Derivative loss/gain. For the nine months ended September 30, 2007, our derivative loss of $15.1 million consisted of an unrealized loss of $20.3 million related to our open commodity derivative contracts offset by a realized gain of $6.3 million related to settlements of our commodity derivative contracts. Also included in 2007 is an unrealized loss of $1.1 million related to the portion of our open interest rate swap that was de-designated as a cash flow hedge. For the nine months ended September 30, 2006, our derivative gain of $21.8 million consisted of an unrealized gain of $15.2 million related to our open commodity derivative contracts and a realized gain of $6.6 million related to settlements of our commodity derivative contracts. For additional details about our derivatives, refer to Item 1. Financial Statements – Note 5 – Derivative Financial Instruments.

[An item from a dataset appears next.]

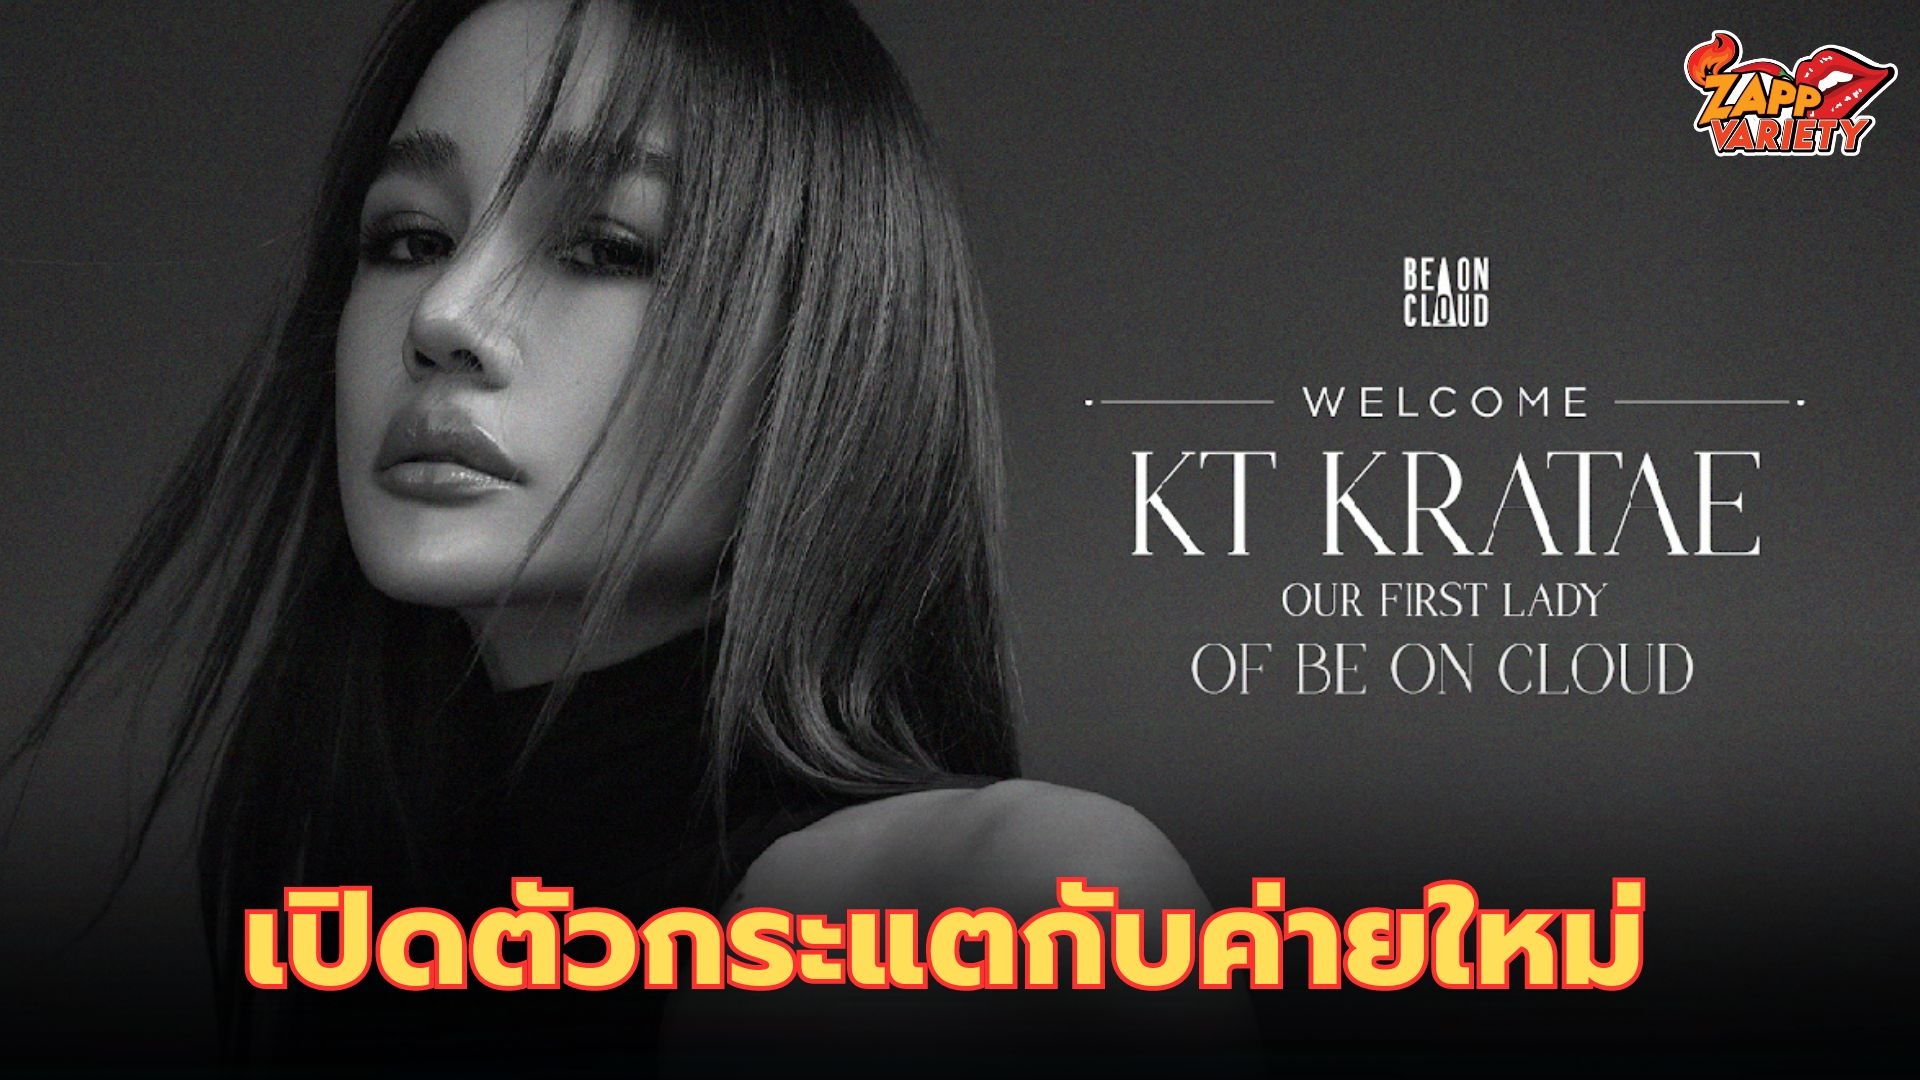 BE ON CLOUD เล่นใหญ่ ! เปิดตัวศิลปินหญิงคนแรกของค่าย KT Kratae (เคที กระแต) ด้วยโชว์สุดอลัง พร้อมมุ่งสู่ระดับโลก

Interest expense. Interest expense incurred increased to $47.8 million for the nine months ended September 30, 2007 from $10.5 million for the nine months ended September 30, 2006 primarily due to debt incurred in August 2006 to finance a portion of the purchase price of properties acquired by merger in the Kerr-McGee transaction. During the nine months ended September 30, 2007 and 2006, $19.1 million and $4.1 million of interest was capitalized to unevaluated oil and gas properties, respectively.

Loss on extinguishment of debt. In June 2007, the Company used a portion of the proceeds from its private offering of 8.25% senior unsecured notes (the “Notes”) to prepay the balance outstanding on its Tranche A term loan facility and make a $90.0 million principal payment on its Tranche B term loan facility. For the nine months ended September 30, 2007, a loss of $2.8 million was incurred related to the write-off of all the deferred financing costs related to the Tranche A term loan facility and a pro-rata portion of the deferred financing costs related to the Tranche B term loan facility.

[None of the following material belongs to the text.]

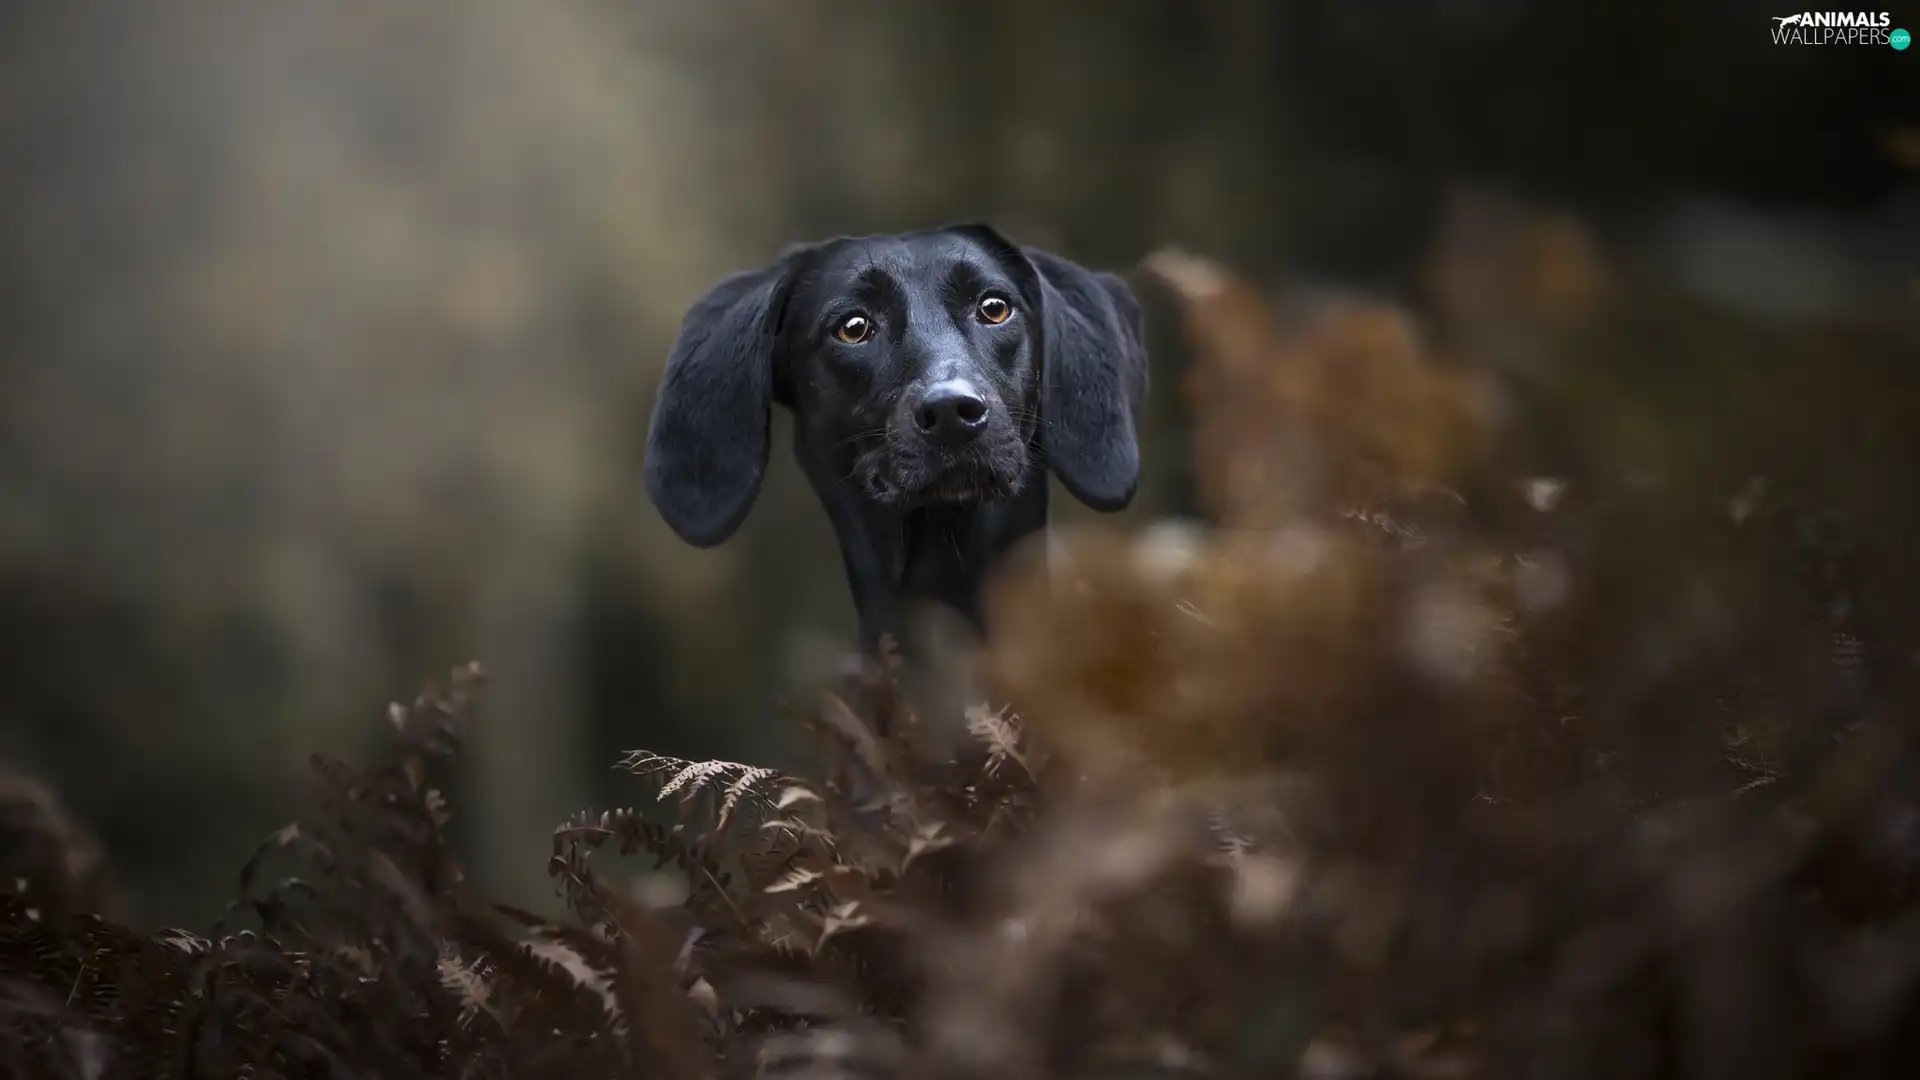 Longs, ears, background, muzzle, fuzzy, dog, Black, Plants

Other income. Other income, consisting of interest income, decreased to $2.5 million for the nine months ended September 30, 2007 from $5.5 million in the same period of 2006 mainly due to lower average daily balances of cash on hand in 2007.

Income tax expense. Income tax expense decreased to $49.0 million for the nine months ended September 30, 2007 from $85.6 million for the same period in 2006 primarily due to decreased taxable income. Our effective tax rate for the nine months ended September 30, 2007 was approximately 34% and reflects the utilization of the deduction attributable to qualified domestic production activities under Section 199 of the Internal Revenue Code. Our effective tax rate for the nine months ended September 30, 2006 was approximately 35%.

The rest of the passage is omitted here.